The first thing I should probably mention is that our cognition tends to be biased in favour of seeing things as caused by a rational agent, and this leads us to think disproportionatey often about agents who might be responsible for what we see. To put it another way: we tend to look for someone behind the curtain. The puppet master, the playmaker or other deity.
This is why we think about gods, and ghosts, and other supernatural beings -- but it also leads us to misattribute the causes of events in many cases. We are especially prone to this when we see a patterned regularity in an occurrence which implies causation by some agent.
For example, we see that the sun rises every day and we think: 'The sun causes the day' -- but of course actually it is the earth's rotation which causes the day. This misconception can be called 'the intentional stance', or more properly because it is not a fallacy if you are justified in thinking that there might be an agent responsible for what you see, then: agent causation.

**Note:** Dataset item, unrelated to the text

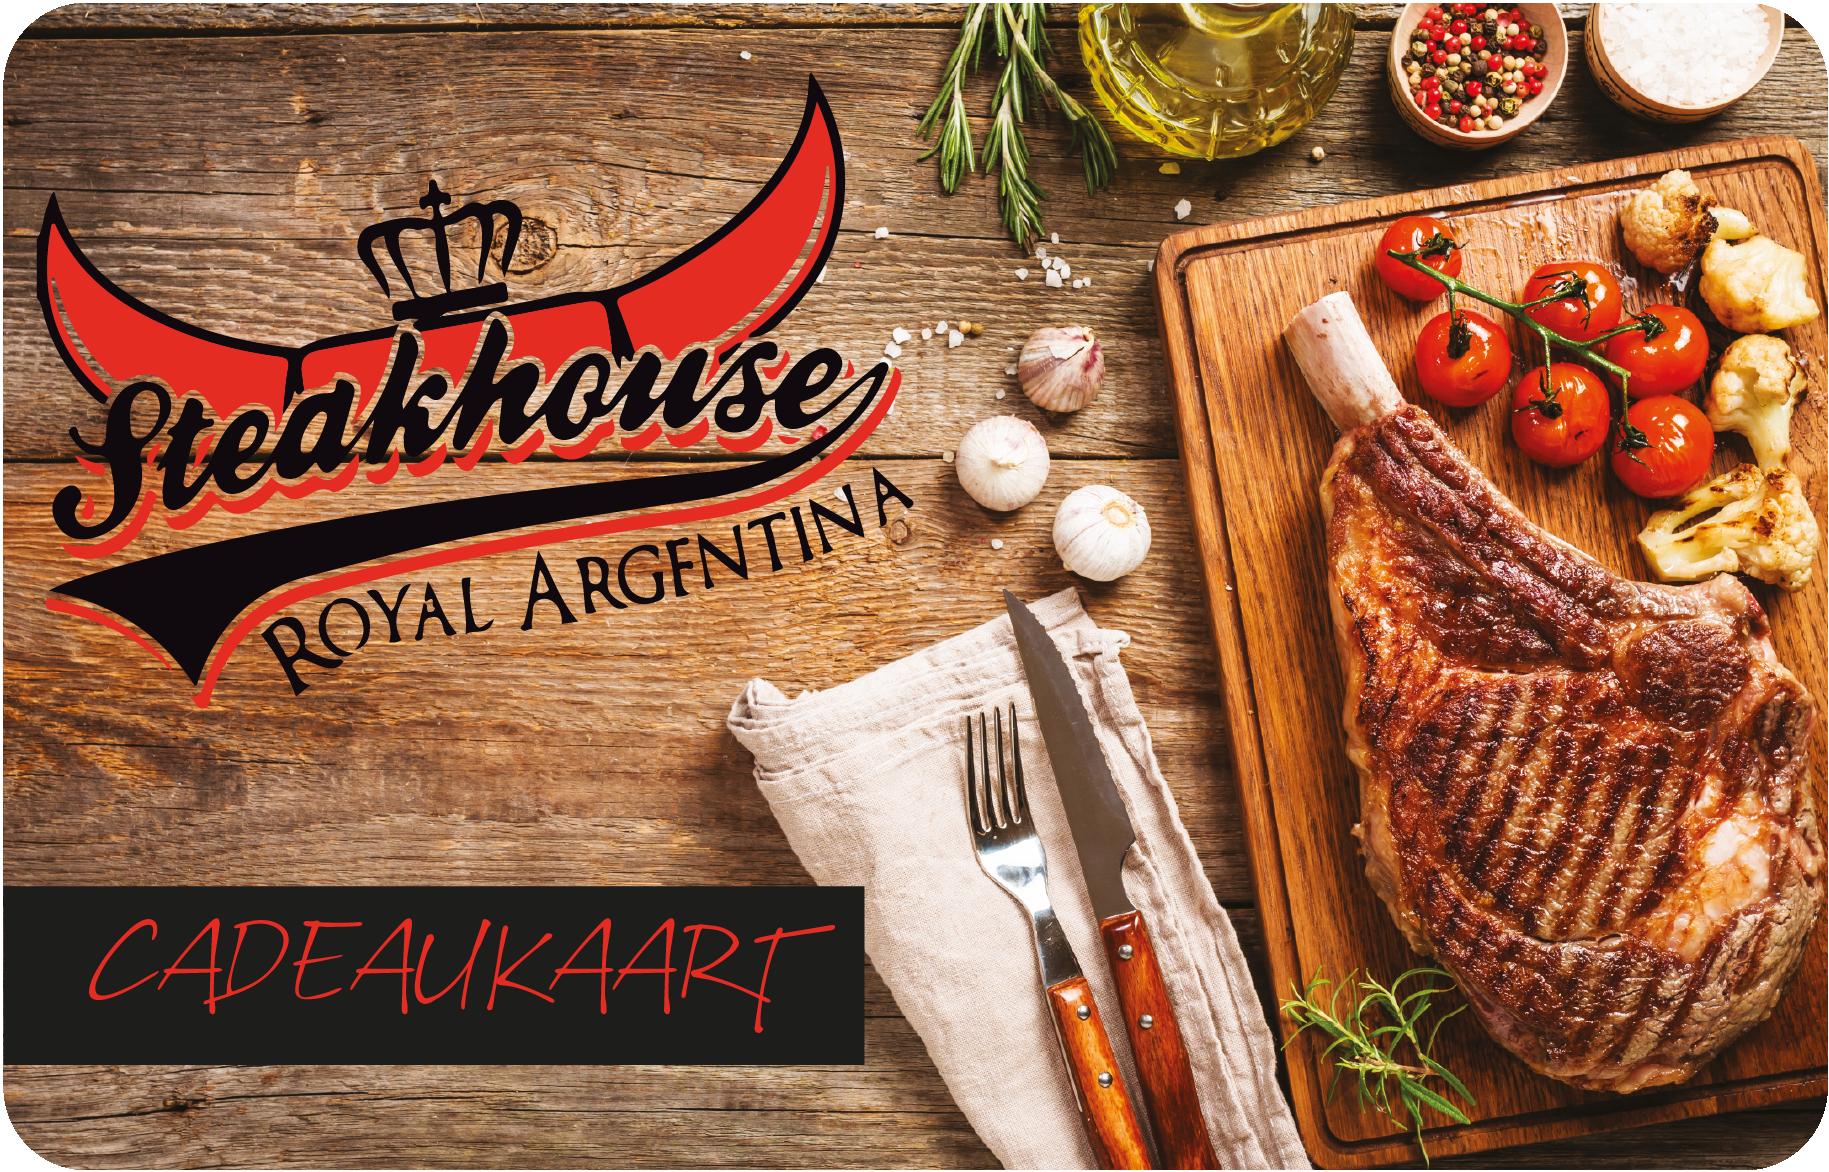 Steakhouse Royal Argentina-1

This is important because the human mode of cognition, which was evolved to see patterns in nature that imply causation by agents -- tends to lead us into thinking about the causes of actions as being intentional.
In the case of gratitude, we tend to think that an agent has acted with intention because the action was intentional. But this isn’t quite true. Actions can be performed without any real intention -- and in fact most actions are not performed intentionally.
We tend to assume that actions are performed intentionally, but the reality is that we do not know if an action was intentional or not. It could have been unintentional -- and in fact most actions are accidental.